*About this exercise*. Return the lines below exactly, please, from the one containing "Pantaloni tuta Plus" through the last one, both included, and leave out any pictures.

*Stored data*.
============

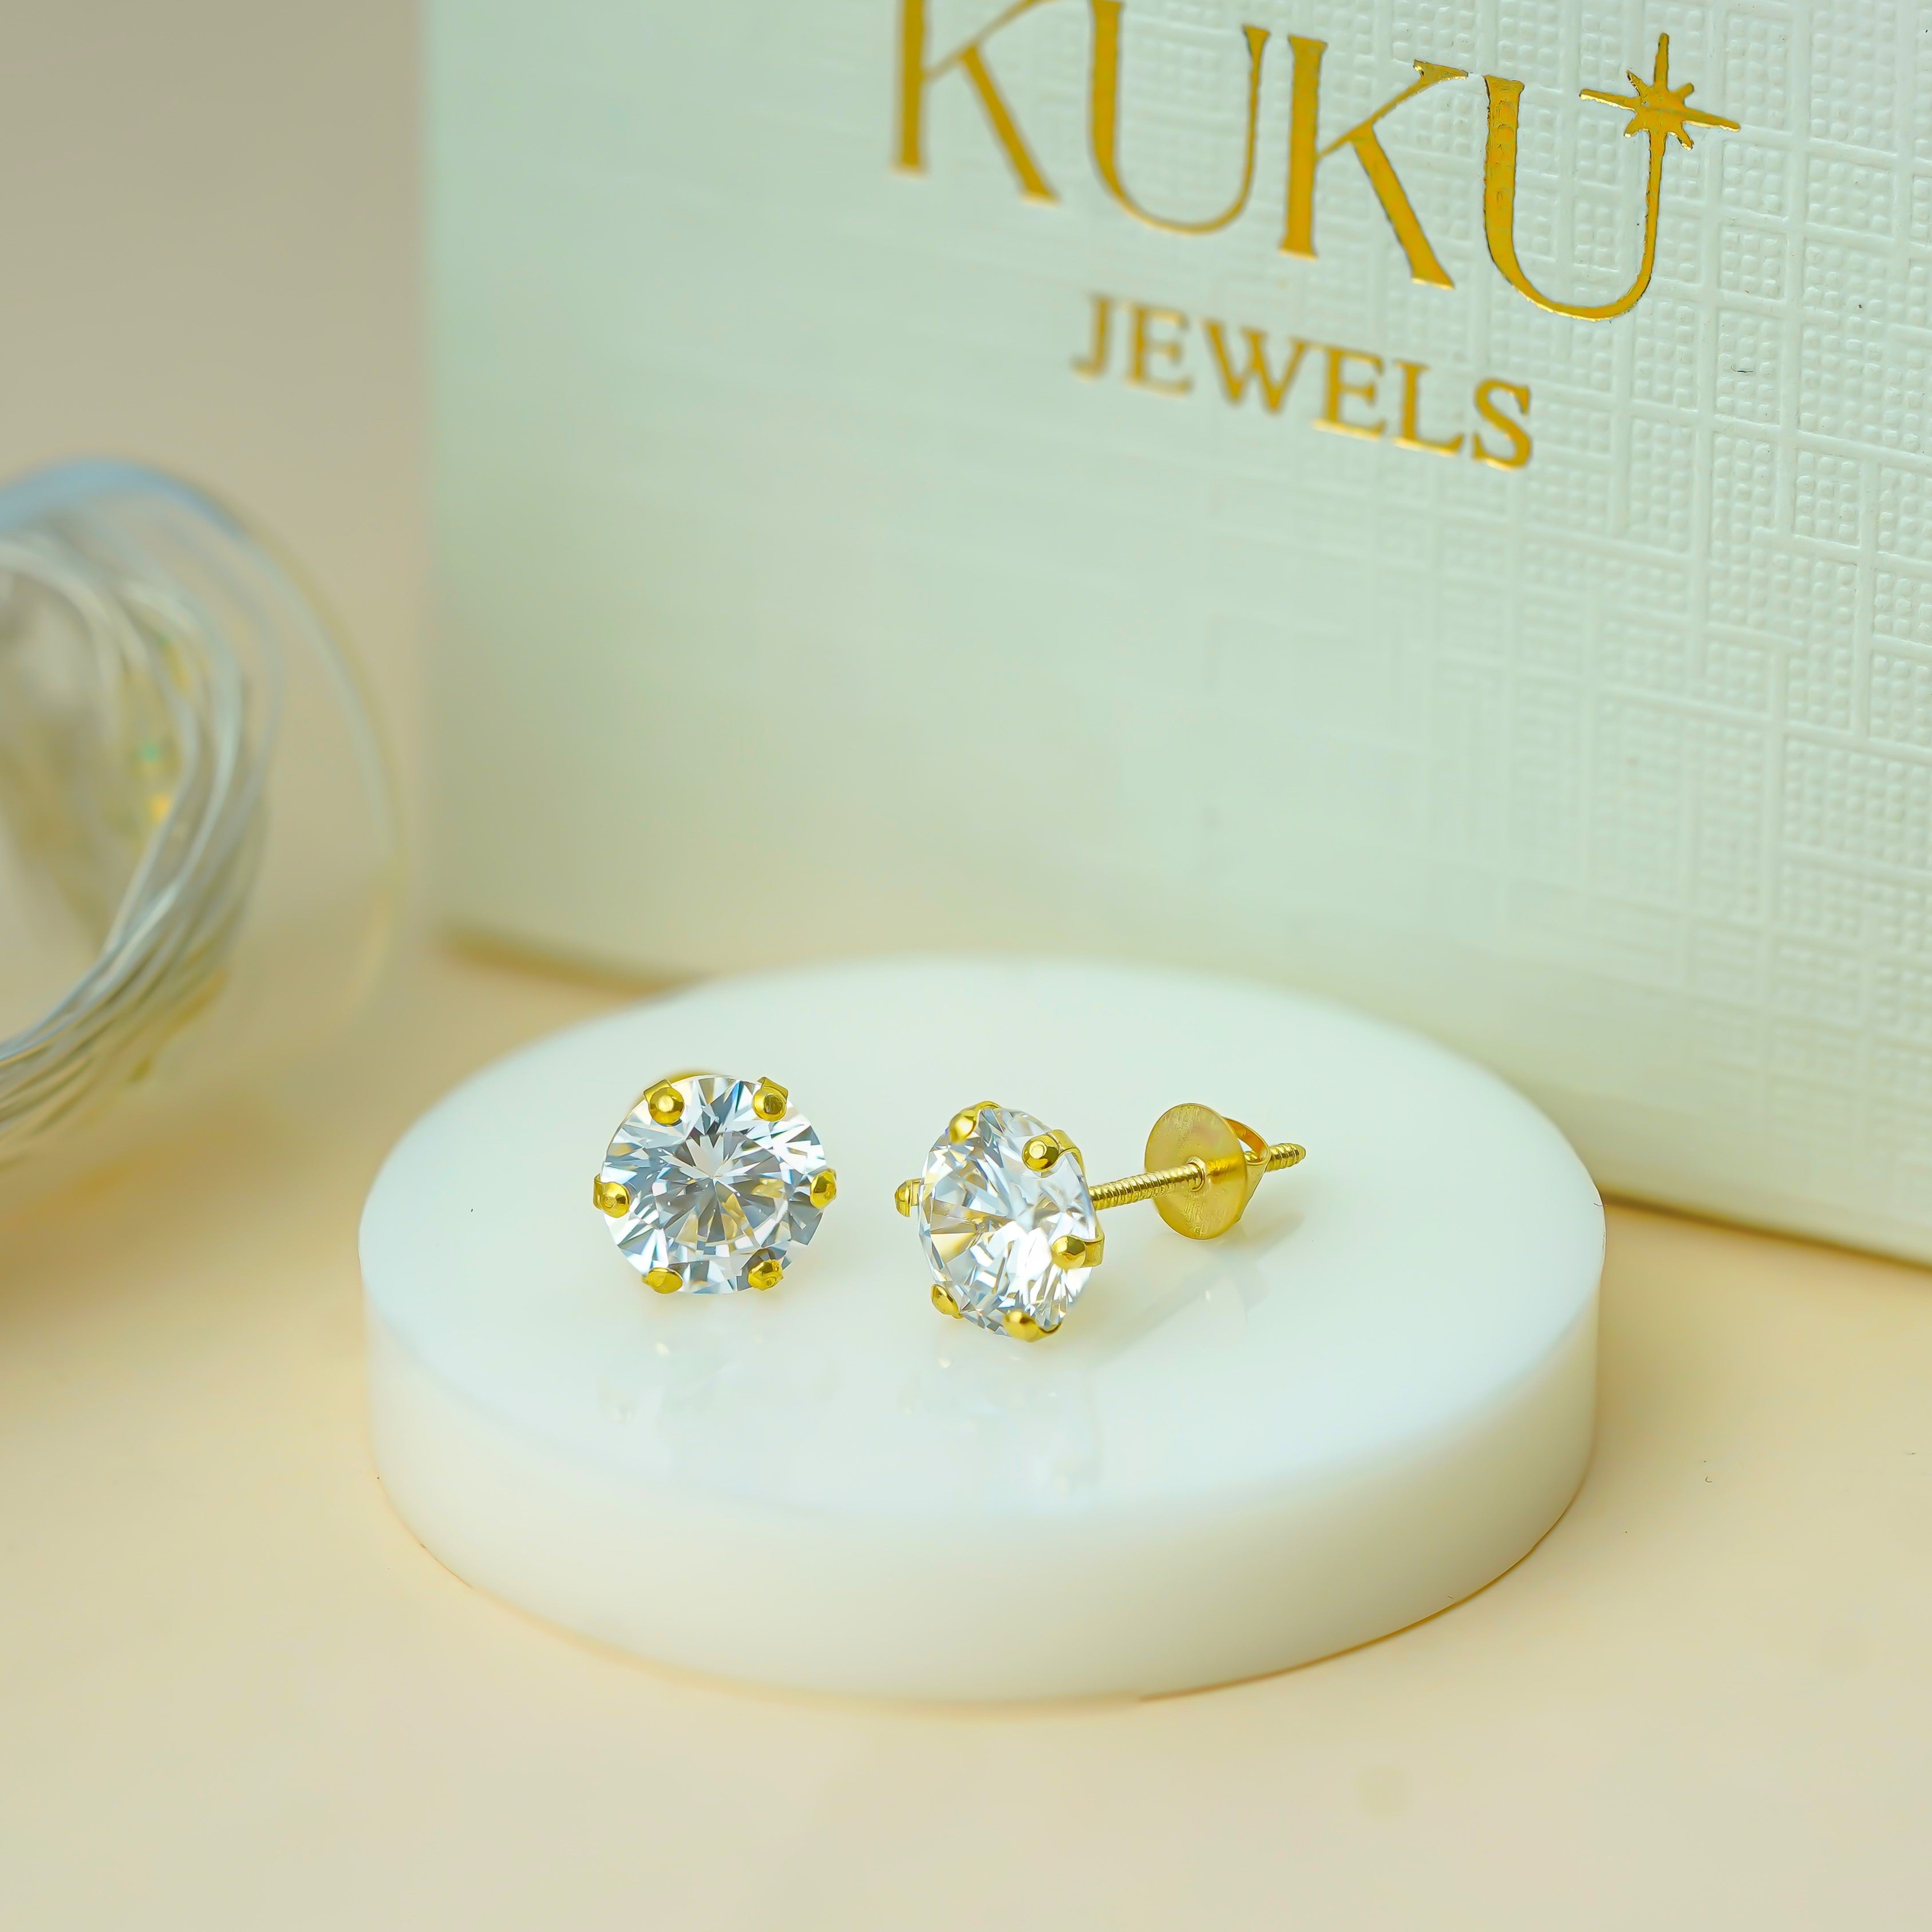 10 KT Gold White Round Cut Diamond Stud Earrings
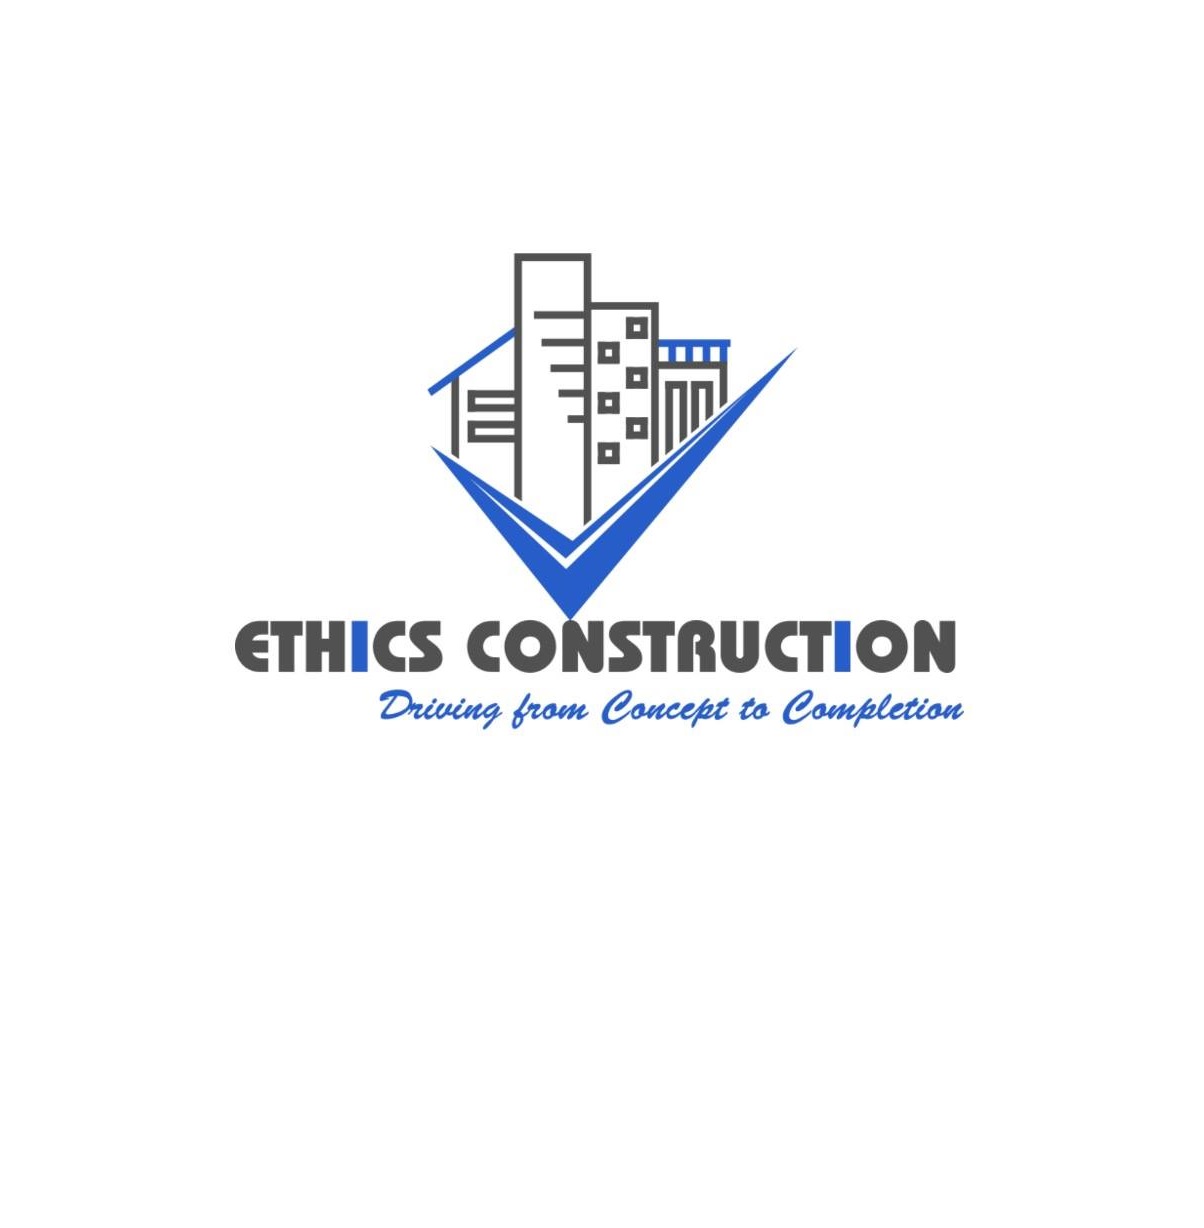 Ethics construction
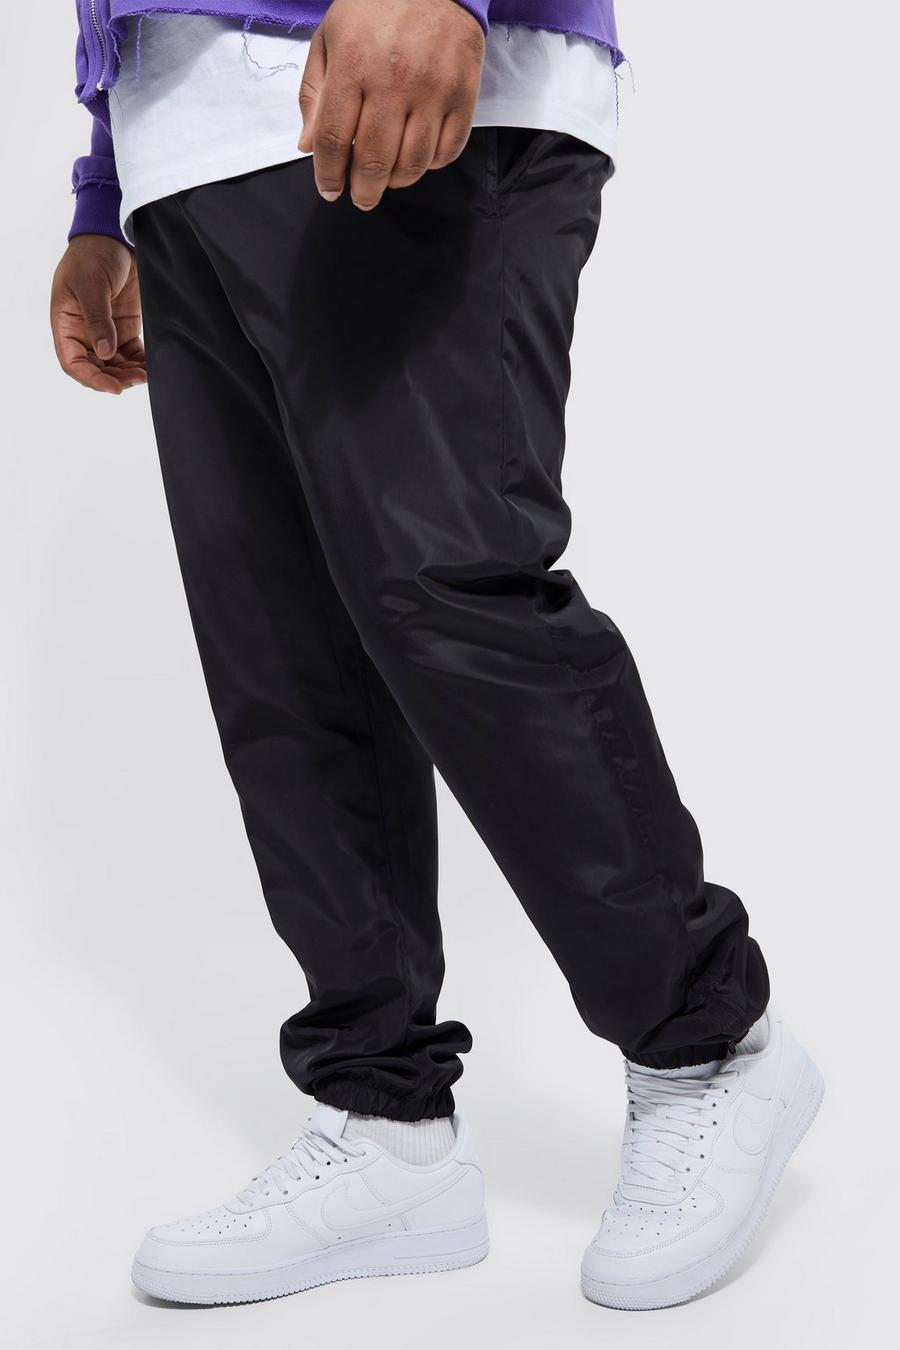 Pantaloni tuta Plus Size Slim Fit con fermacorde, Black negro image number 1
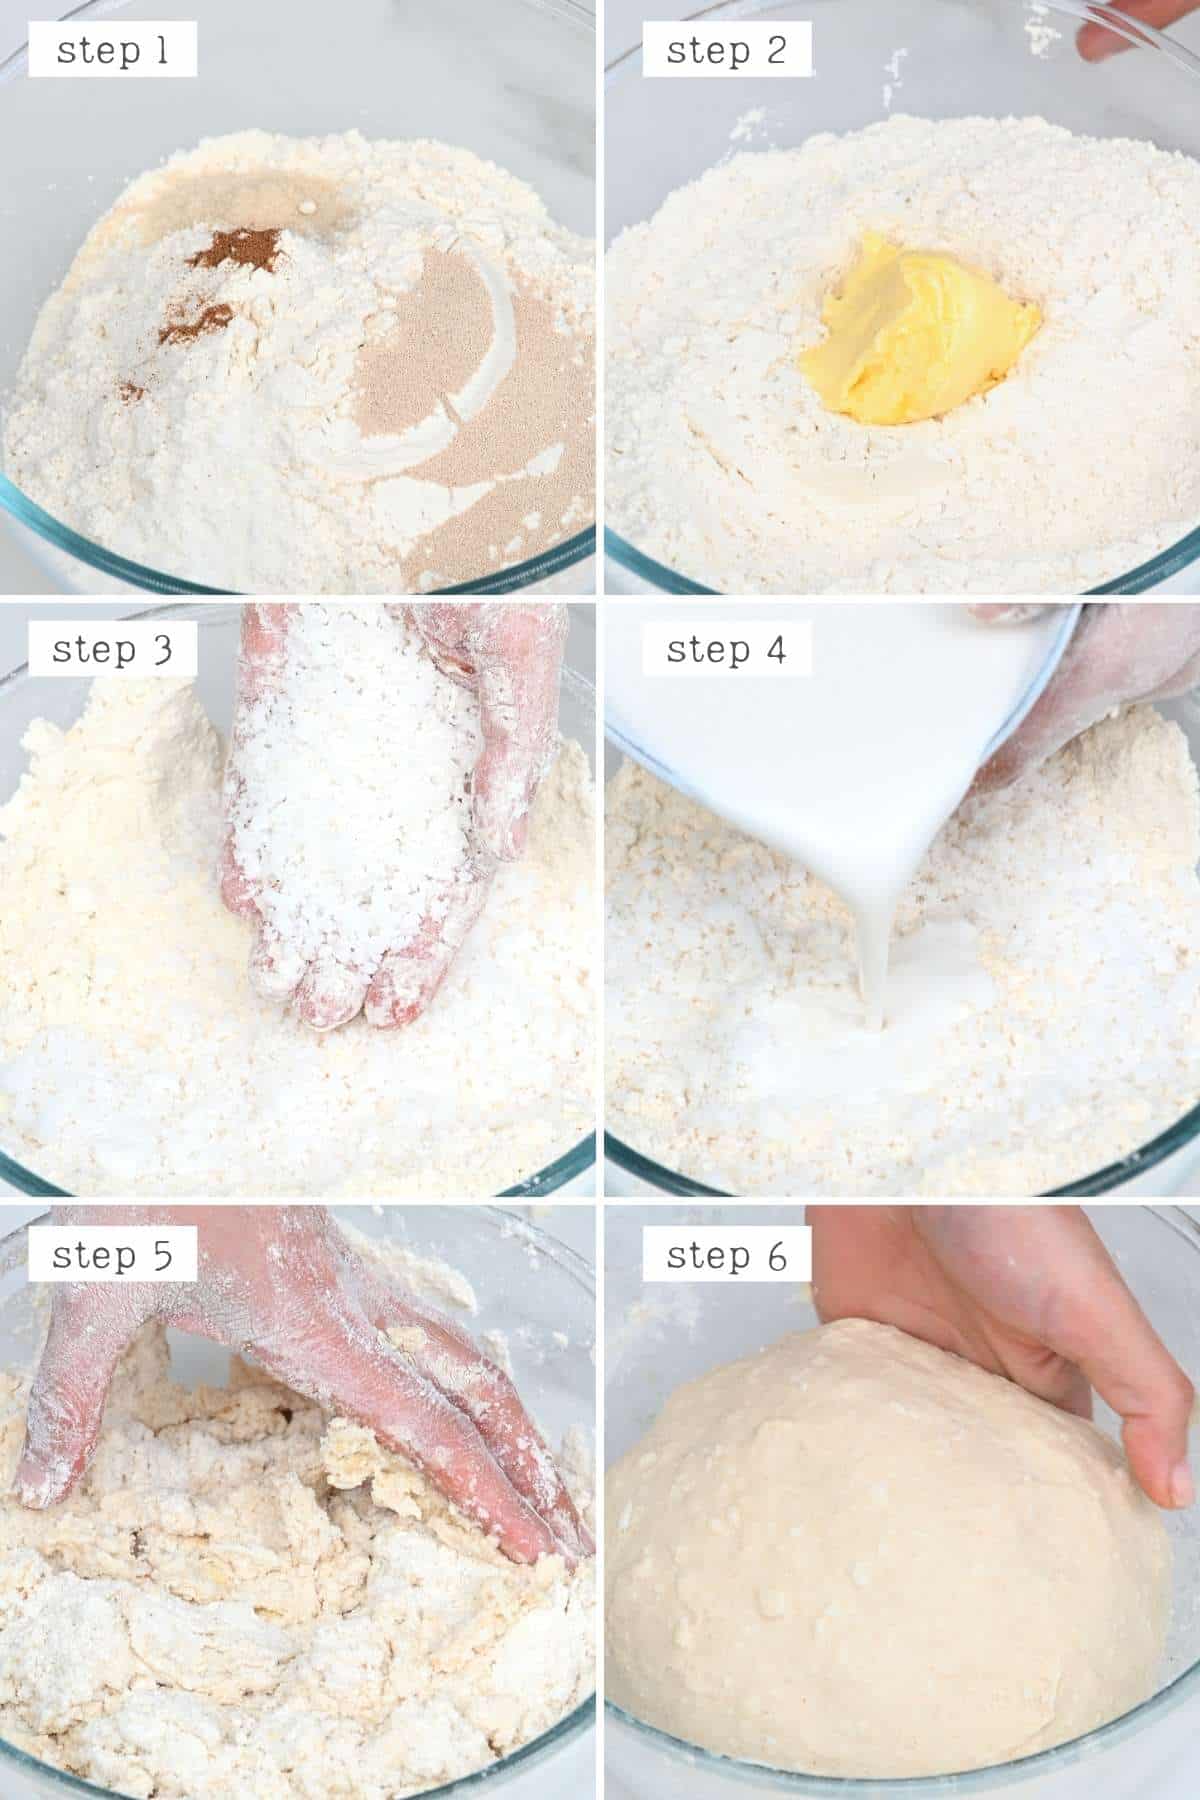 Preparation steps for coconut bake dough

============

*Answer to this problem*.
 Pantaloni tuta Plus Size Slim Fit con fermacorde, Black negro image number 1
 Preparation steps for coconut bake dough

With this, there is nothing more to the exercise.